A character's dying and being resurrected is not exactly a new occurrence in either science fiction or fantasy. Following the framework expressed in Joseph Campbell's The Hero with a Thousand Faces, the real point should be that Starbuck is being used in the story to bring back some message to the community that resolves some major problem.
Let's look at what Starbuck does that is unique for her character. She is some sort of tactical genius, for instance, only her team survives the storming of the Cylon base holding the child that is everyone's hope hostage. We observe that the order of events seems to be that Starbuck uses various revelations and her tactical genius to ensure that the Cylons ability to resurrect is destroyed forever, and only then can she have the insight that she knows the coordinates to our Earth.
What is so terrible about the Cylons resurrection, after all, a form of it is basically the dream of some in this world who wish to have their consciousness preserved forever in some sort of machine form. But it's not hard to see in other science fiction such as the Japanese Ghost in the Shell an objection, which one can hear in the speech of the Puppet Master when he declares that life must involve dying and reproduction similar to how biological lifeforms use DNA, NOT preservation of a program which can be corrupted. Cylon resurrection then represents anti-life, and it's not hard to see in Ron Moore's series how anti-life is eventually self-destructive to itself.

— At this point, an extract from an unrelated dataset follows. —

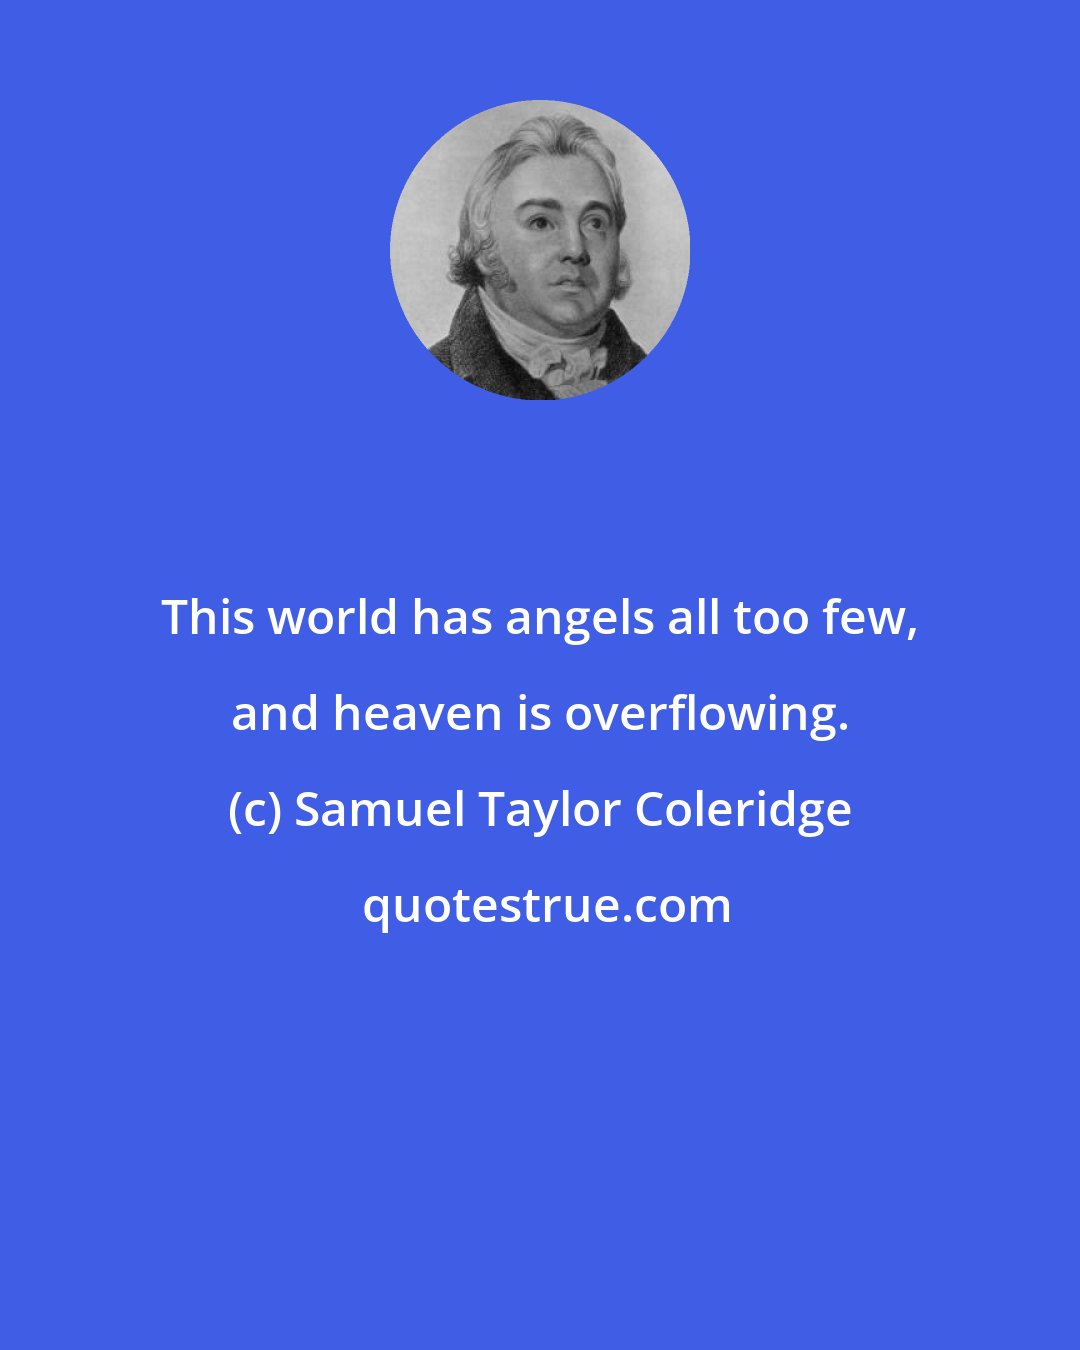 Samuel Taylor Coleridge: This world has angels all too few, and heaven is overflowing.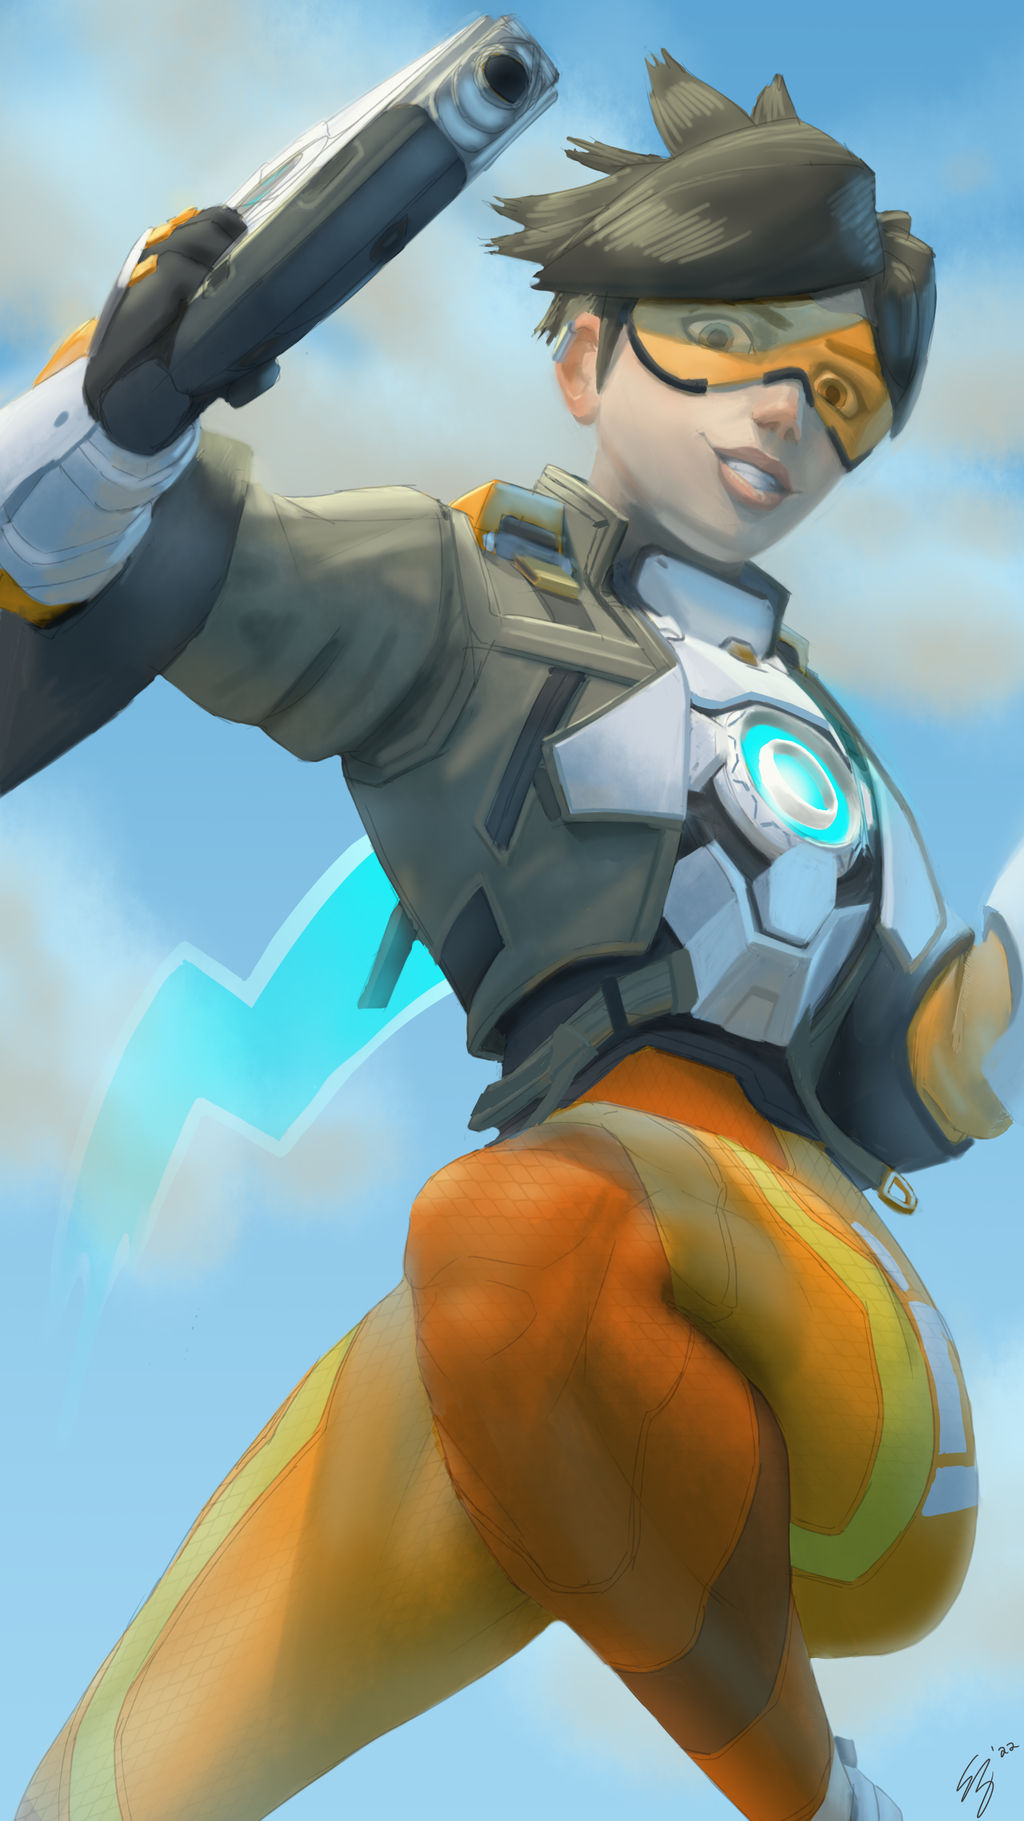 Tracer Overwatch 2 by Huy137 on DeviantArt

Starbuck is life's answer to anti-life. There's no perfection, but we see at least twice that Starbuck has to come to terms with her past, both her mother and her absentee father, and all the terrible things that have made her what she is, because that is the way of life.
But how does life performs such miracles. In my interpretation, a theme that one can see in authors such as Charles Stross, what we see in Ron Moore's Battlestar Galactica is a brief snapshot in the timeline of life that evolves in some distant future to some entity beyond time and space, something that can be called Life. The alternate versions of Baltar and Six who comment at the end on humanity are the developing consciousness of this entity. This entity Life then when is able to create itself--it is able to perform various miracles and induce various revelations in its past. Starbuck is therefore an angel of Life, an angel of death to the anti-life.
But what is Starback reconciling then. What her character shows as a revelation is a theme as old as the oldest of human stories, from the Epic of Gilgamesh at least to now, the struggle with death, and the meaning of life.